Her pic is in Woods n Water.



Uploaded with ImageShack.us


----------



## Quail man (Sep 1, 2013)

I hear ya! You go down there this weekend?


----------



## BOWHUNTER! (Sep 1, 2013)

That's a big ole speck. Congrats to the wife on a great catch and new found celeb status.


----------



## sea trout (Sep 2, 2013)

hoss trout!!!!!!!!!!!!!!!!!
congrats to her!!!!!!!!!!!!!!!


----------



## speedcop (Sep 2, 2013)

somebody sure got spanked.

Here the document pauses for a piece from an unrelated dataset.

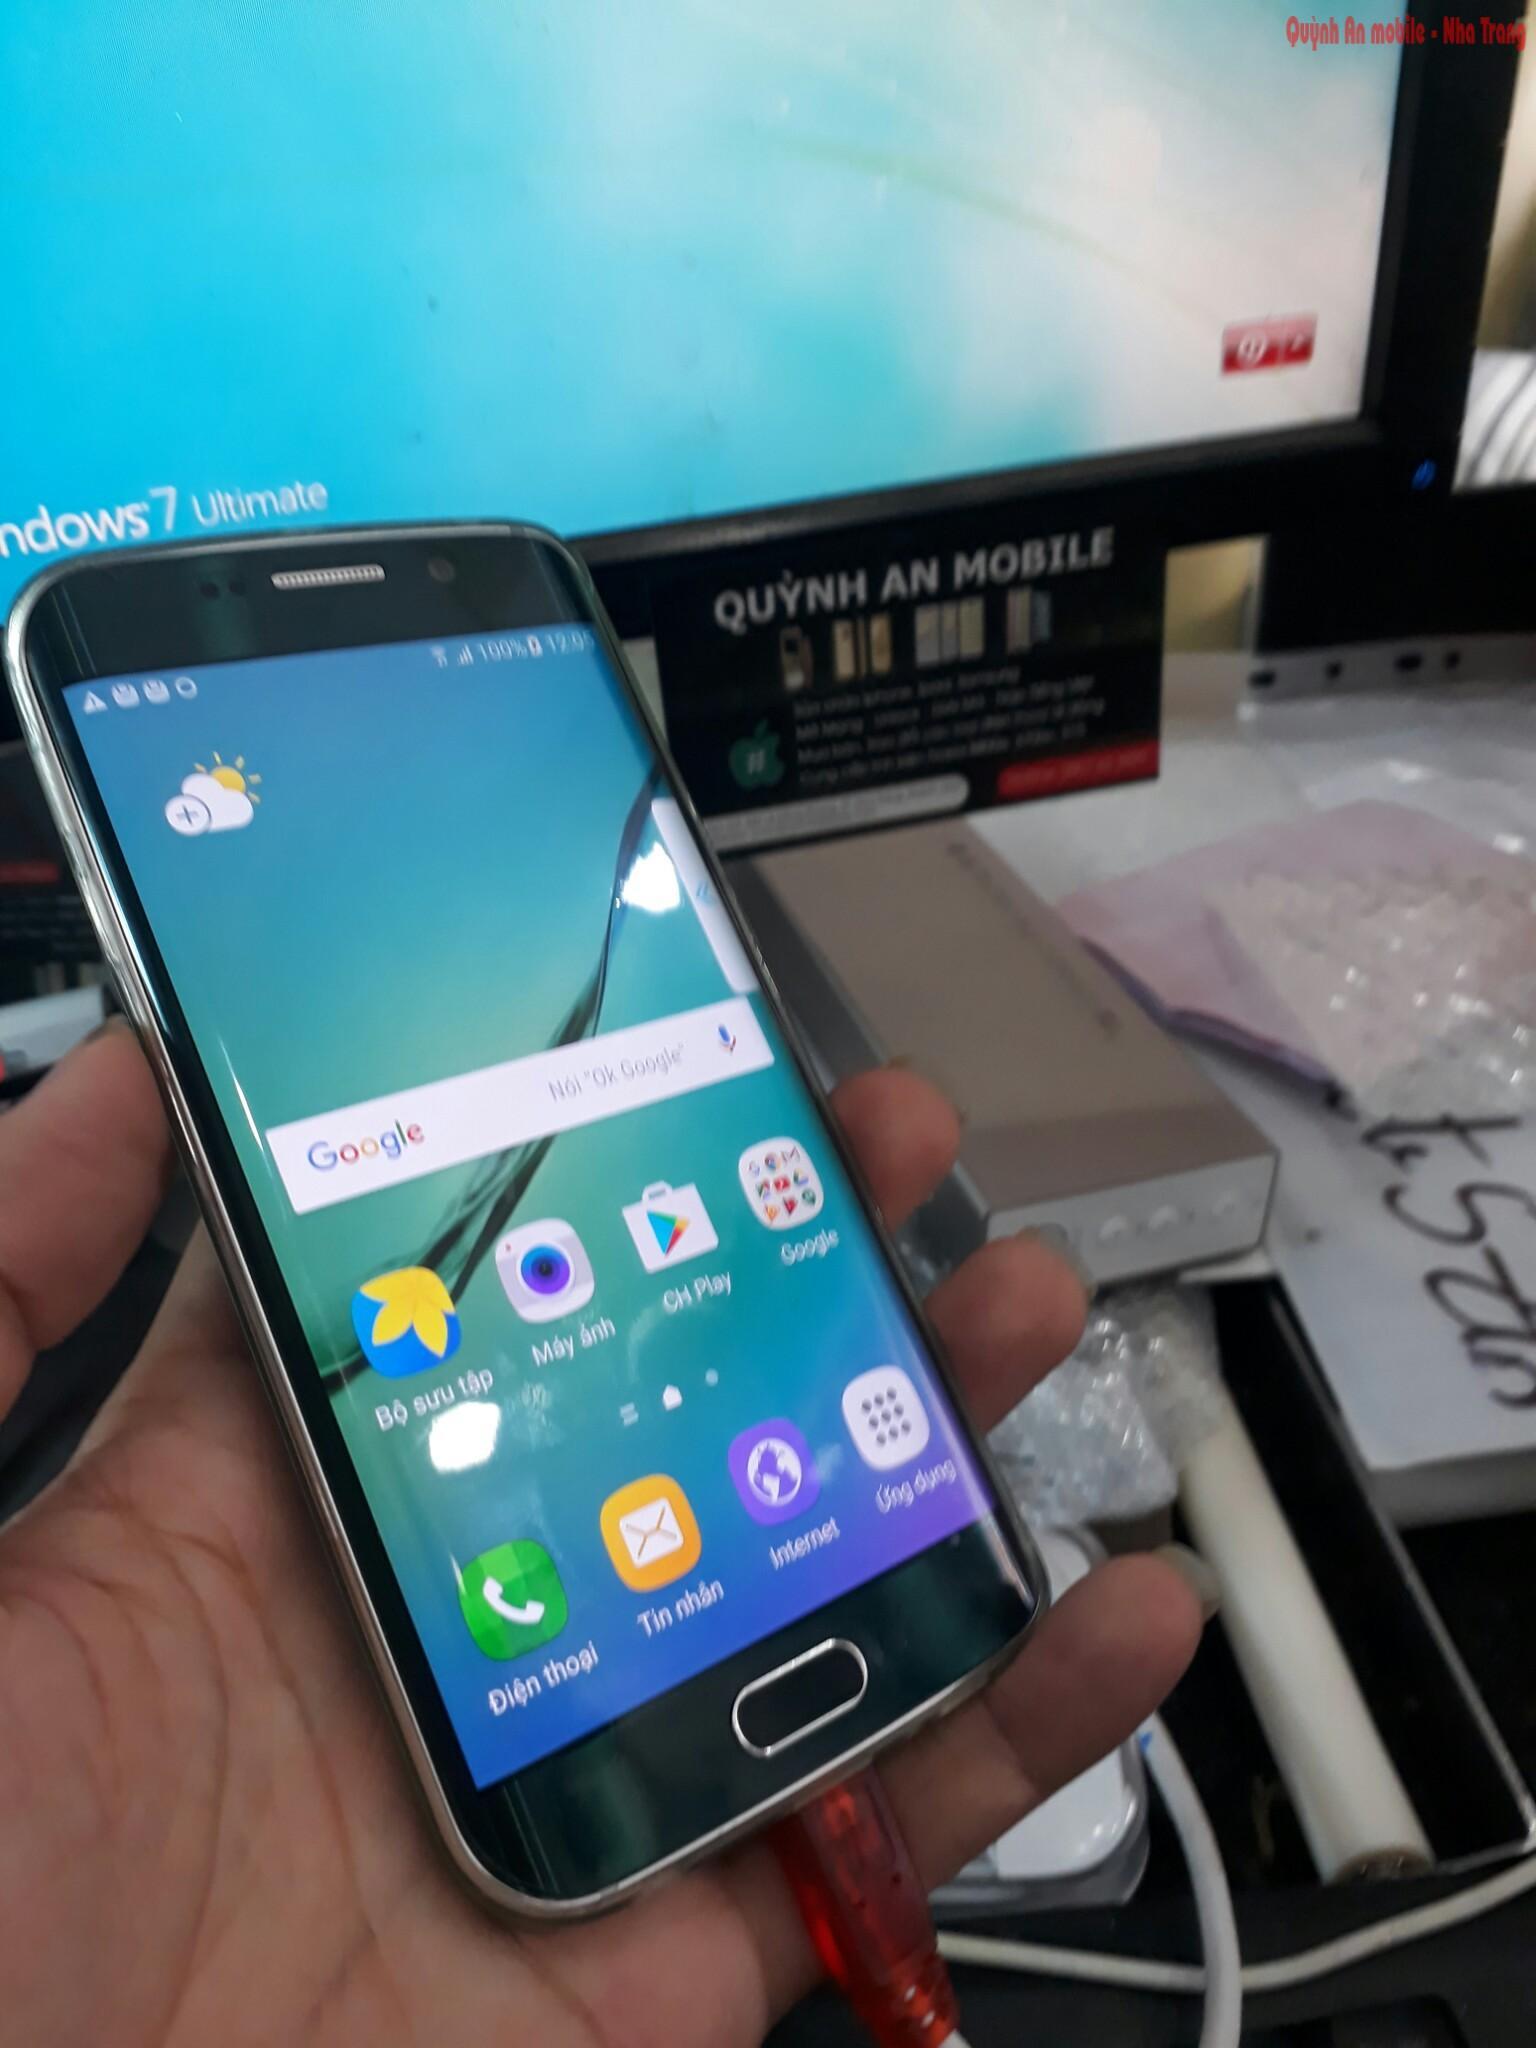 Máy Samsung galaxy S6 edge SC-04G xách tay về đã được nạp tiếng Việt sử dụng như máy quốc tế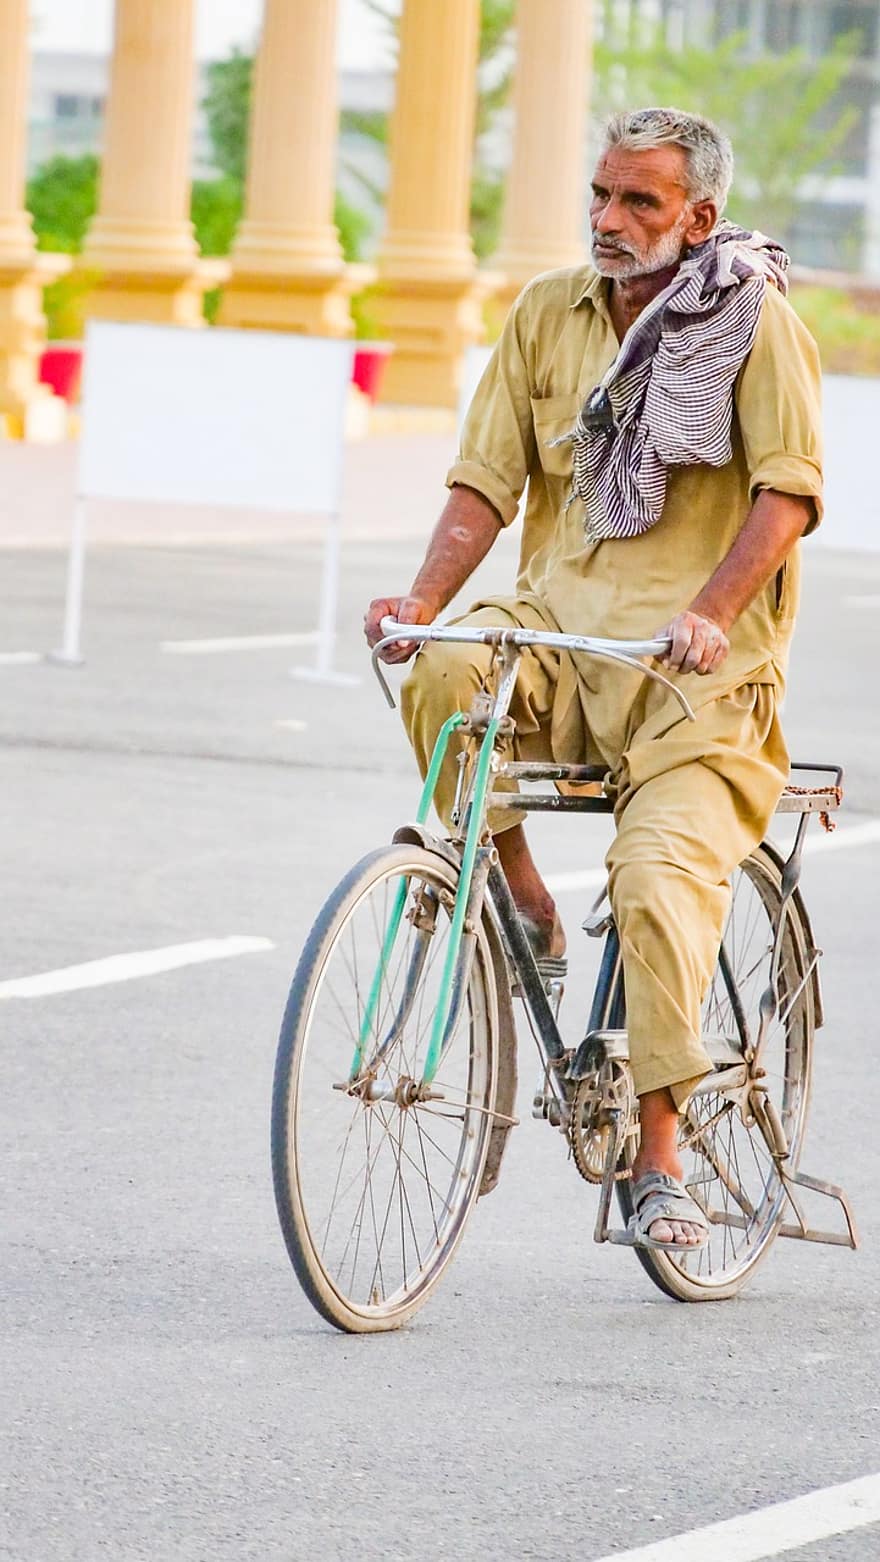 gammel mann, eldre, sykkel, mann på sykkel

Congrats! nice fish


----------



## Ricky (Sep 4, 2013)

Nice Trout!Congrats to her!


----------



## Hit-n-Miss (Sep 5, 2013)

Thanks. Her pic got in Coastal Angler too.


----------



## 56willysnut (Sep 7, 2013)

Congrats to your wife on her gator trout!


----------



## bfriendly (Sep 7, 2013)

Man what a Nice Gator Trout!!


----------



## 7 point (Sep 11, 2013)

I saw her in the woodsnwater mag congrads to yall


----------



## Hooked On Quack (Sep 11, 2013)

GAYTORRRRRRRRRR !!!  Congrats !!!


----------